Ma quelli erano altri tempi: gli animalisti, almeno in Italia, non erano certo in grado di influenzare le strategie aziendali. Oggi è diverso. Il parco divertimenti è di proprietà della Merlin Entertainments, una società inglese che gestisce attrazioni in tutto il pianeta: dalla maxi-ruota panoramica di Londra al più celebre museo delle cere, il Madame Tussauds, fino all’Heide Park di Soltau, in Germania. Particolare motivo di orgoglio – anche per la buona reputazione che hanno fatto guadagnare all’azienda – sono i Sealife: ventisette strutture sparse nel mondo (ce n’è una proprio accanto a Gardaland) che consentono ai visitatori di ammirare da vicino i più belli e rari animali marini. È l’«eco-business». L’obiettivo, realizzato attraverso diverse iniziative, è di garantire ai pesci nati in cattività un ambiente del tutto simile a quello originario, ma anche di proteggere la natura attraverso la partecipazione a programmi di riproduzione e a campagne per la salvaguardia dell’ambiente.
Da qualche anno è però diventato complicato, per Merlin, giustificare la convivenza di due attività apparentemente diverse: una che promuove il rispetto per gli abitanti dei mari e l’altra che «costringe» i delfini a esibirsi per far divertire gli spettatori. In Inghilterra, la pressione degli animalisti si è fatta sentire. E anche in Italia la Lega antivivisezione aveva auspicato la «scelta etica» di chiudere il Palablù, definendolo una «prigione in acqua». Accuse neanche troppo pesanti, se paragonate a quelle lanciate nel 2001, quando Gardaland nell’arco di poche settimane dovette giustificare la morte di tre dei propri delfini.
Ma ora gli animalisti potranno cantare vittoria. «Prima ancora delle pressioni esterne, ha pesato il fatto che Merlin ha nel suo Dna una politica di profondo rispetto degli animali. La scelta di dire addio al delfinario ne è quindi una diretta conseguenza», spiega Santi.
Con una media di 750mila spettatori a stagione, gli show quotidiani registravano sempre il tutto esaurito, sebbene già dal 2006 (quando il gruppo inglese rilevò il parco veneto) lo spettacolo al Palablu avesse «virato» verso un approccio più didattico. Ora, Robin e i suoi tre «colleghi» potranno godersi la meritata pensione: l’ipotesi più probabile è che siano trasferiti all’acquario di Genova, anche se l’accordo con la struttura ligure non è ancora stato siglato.

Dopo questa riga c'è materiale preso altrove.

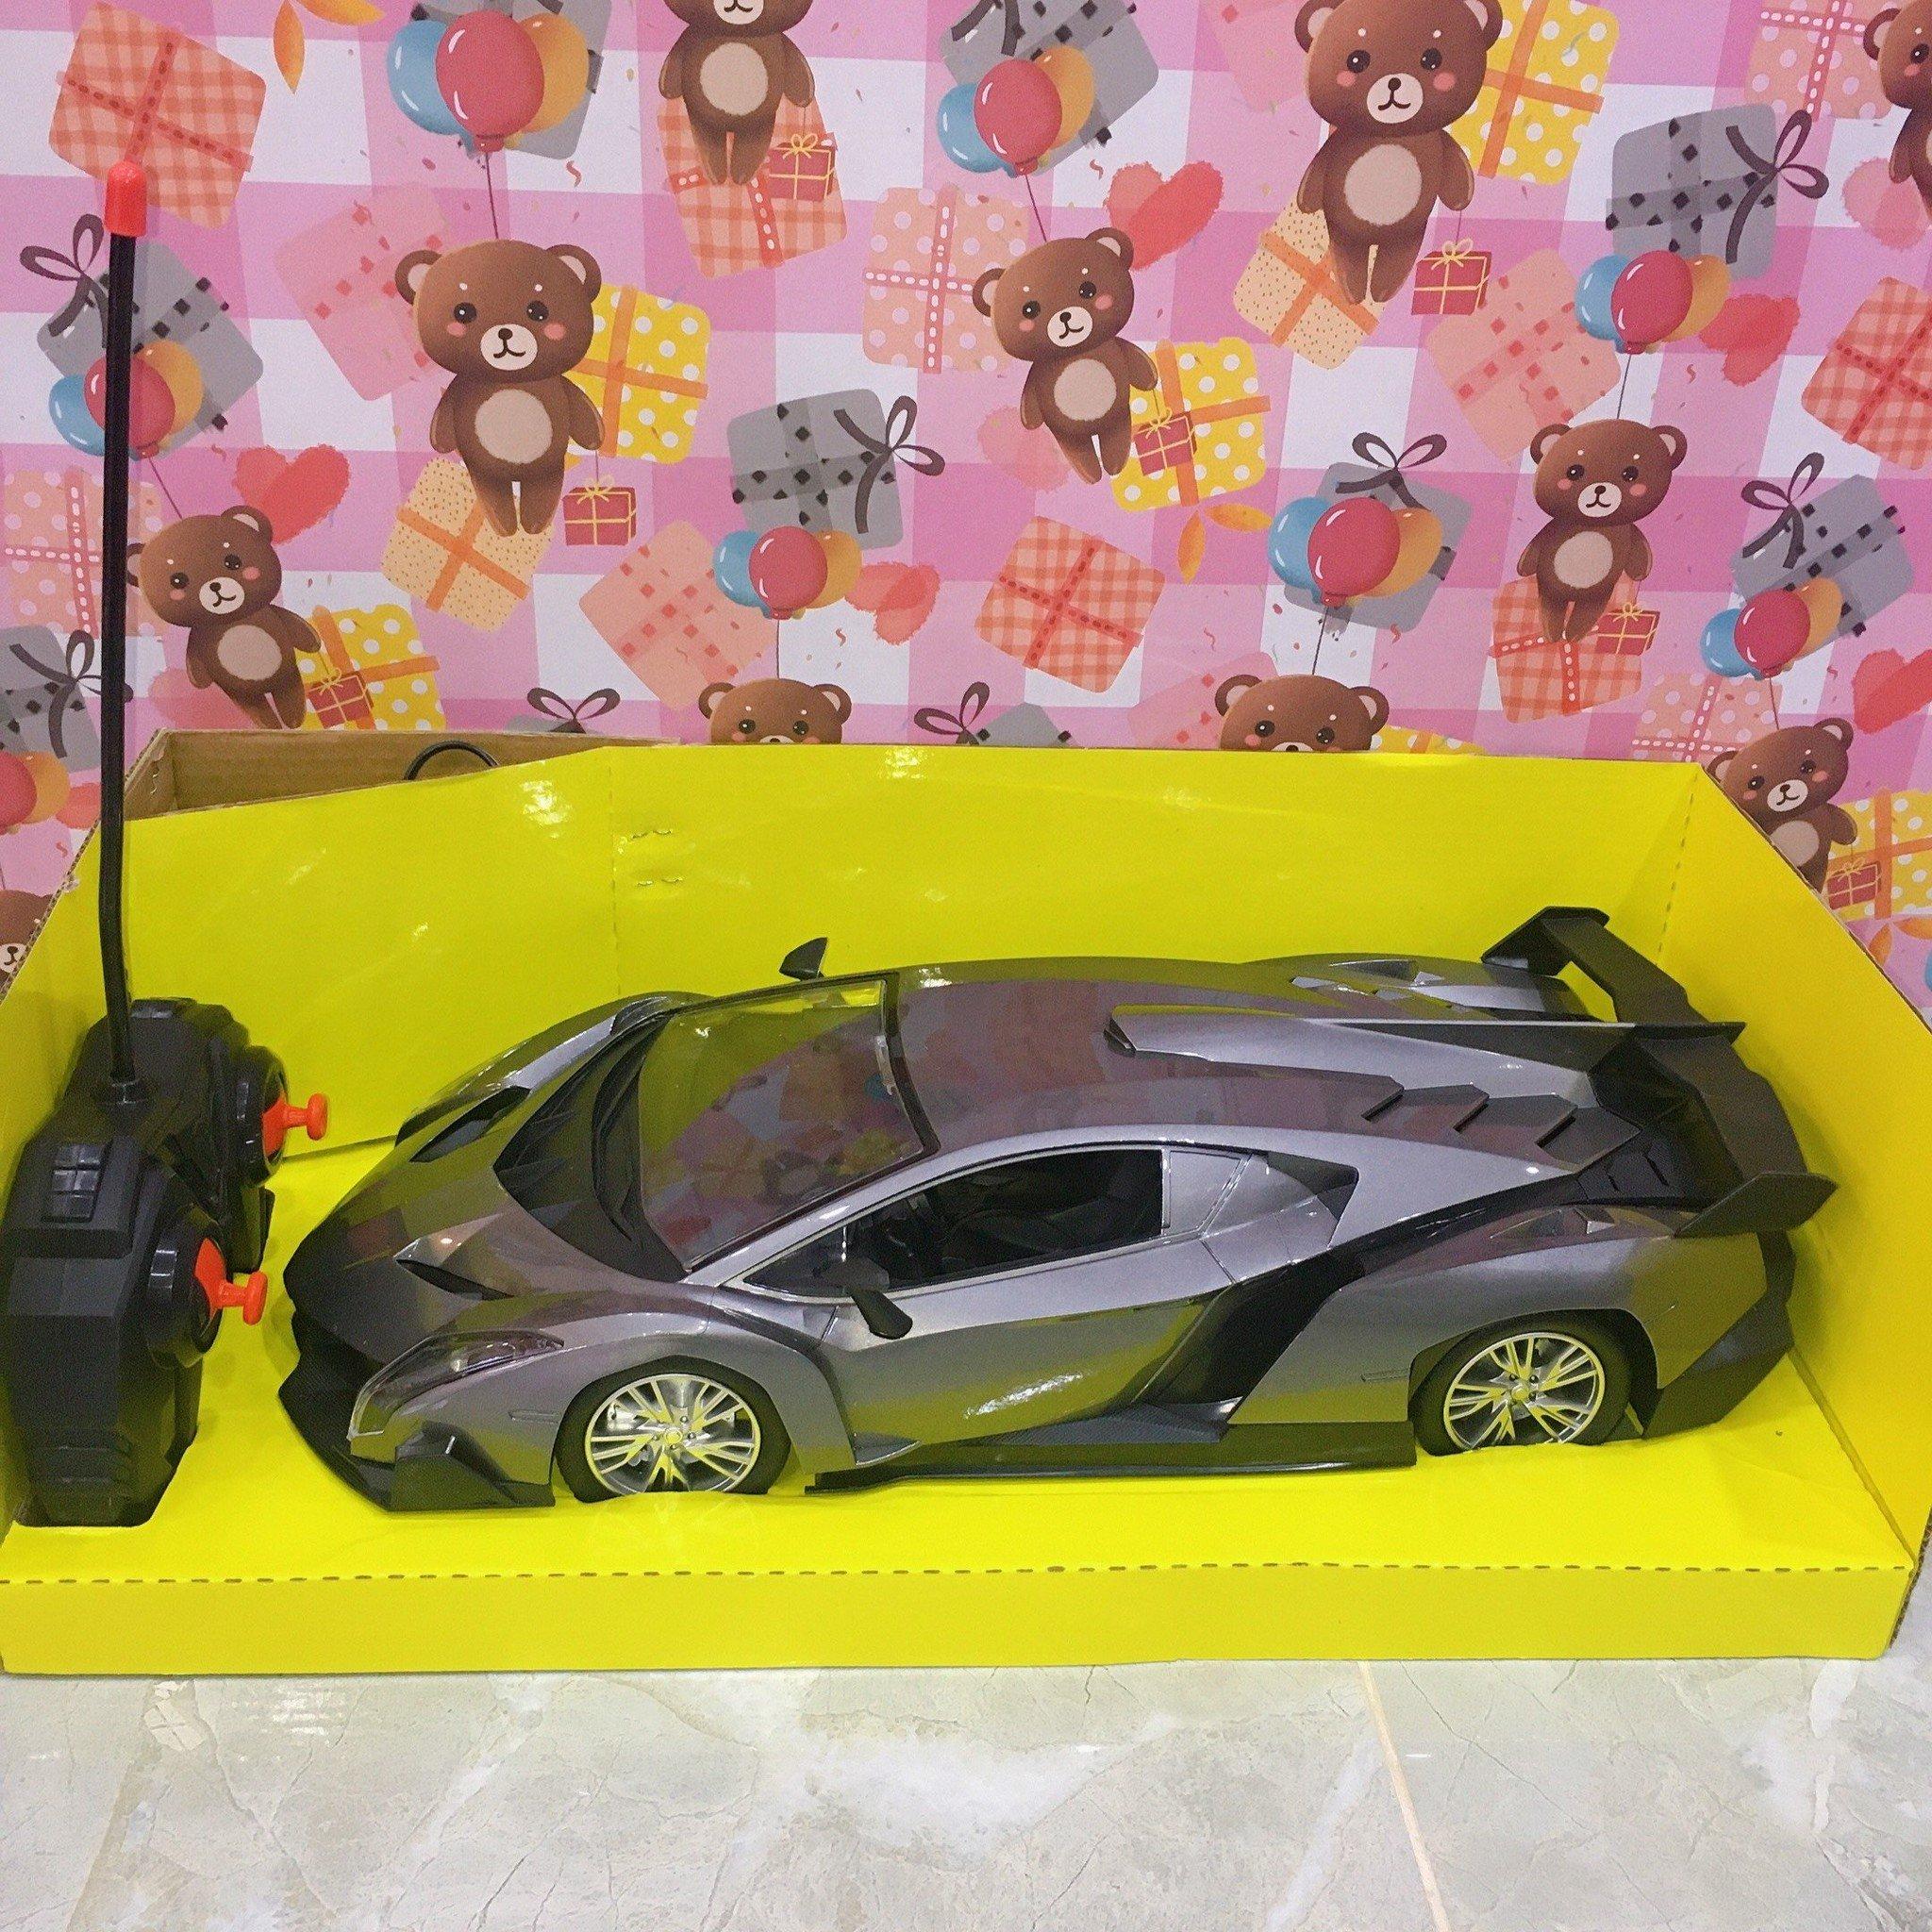 Hộp Xe Hơi Lamborghini Đk 7 Đ.Tác, Có Sạc Tl 1:12 (Emulation Car Model) 34-4, 34-6

In fase di trattativa c’è anche il futuro lavorativo dei tre addestratori che per anni si sono occupati degli esemplari. La società sembra intenzionata a evitare, per loro, il ricorso alla cassa integrazione.

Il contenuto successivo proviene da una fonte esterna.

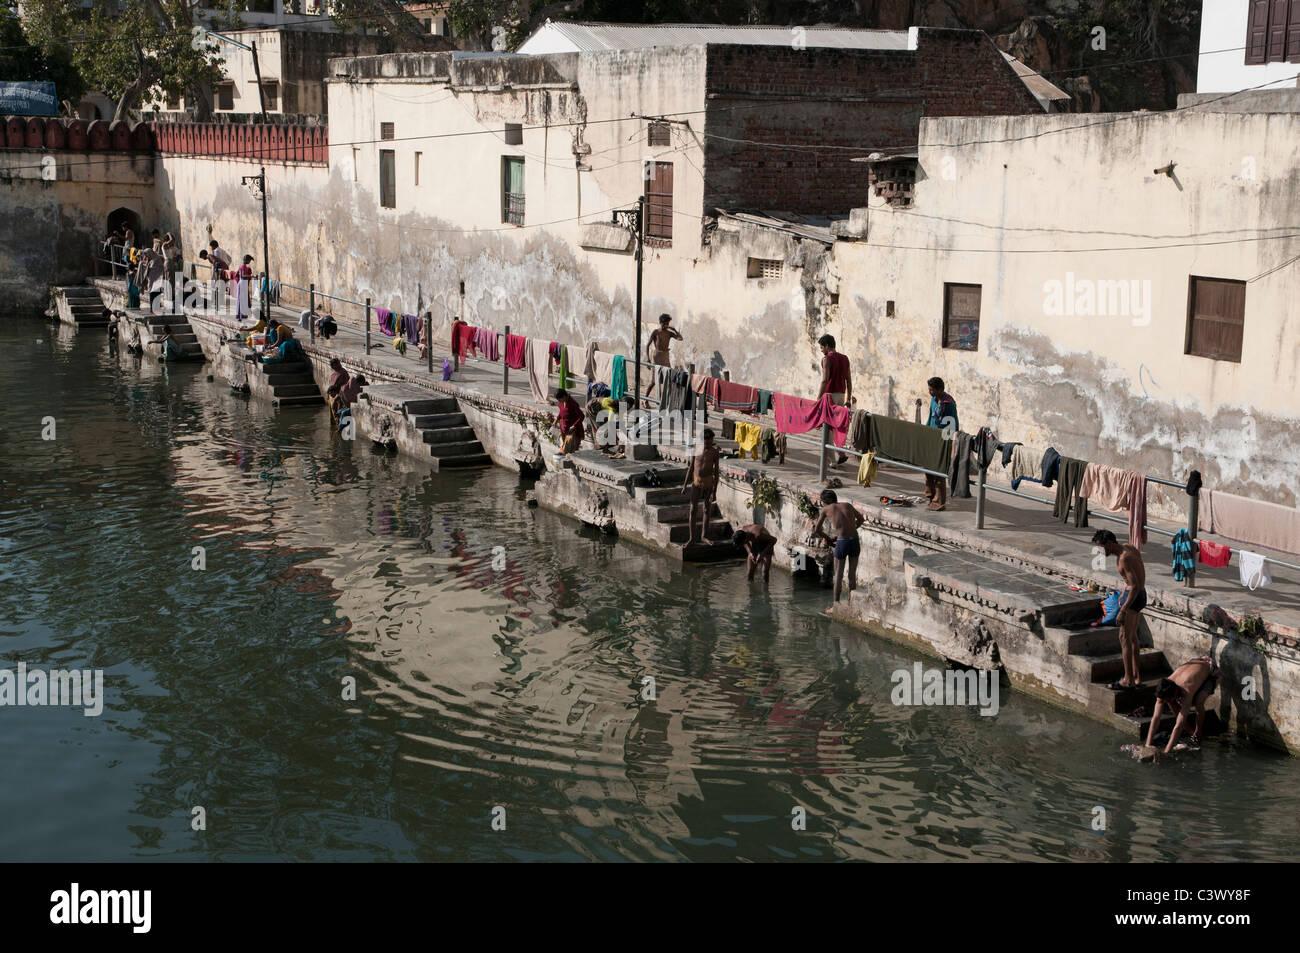 La gente lavando su ropa en Udaipur. Imagen De Stock

Infine, dopo lo smantellamento del negozio, gli operai metteranno mano anche al Palablù. «Ne ricaveremo un’arena – conclude il direttore – in grado di ospitare nuovi spettacoli, che non avranno per protagonisti gli animali. Una delle ipotesi è di utilizzarla per proiezioni in “4D”, anche se non c’è ancora un progetto definitivo».
Scelta giusta. Ma ora non liberateli in mare aperto»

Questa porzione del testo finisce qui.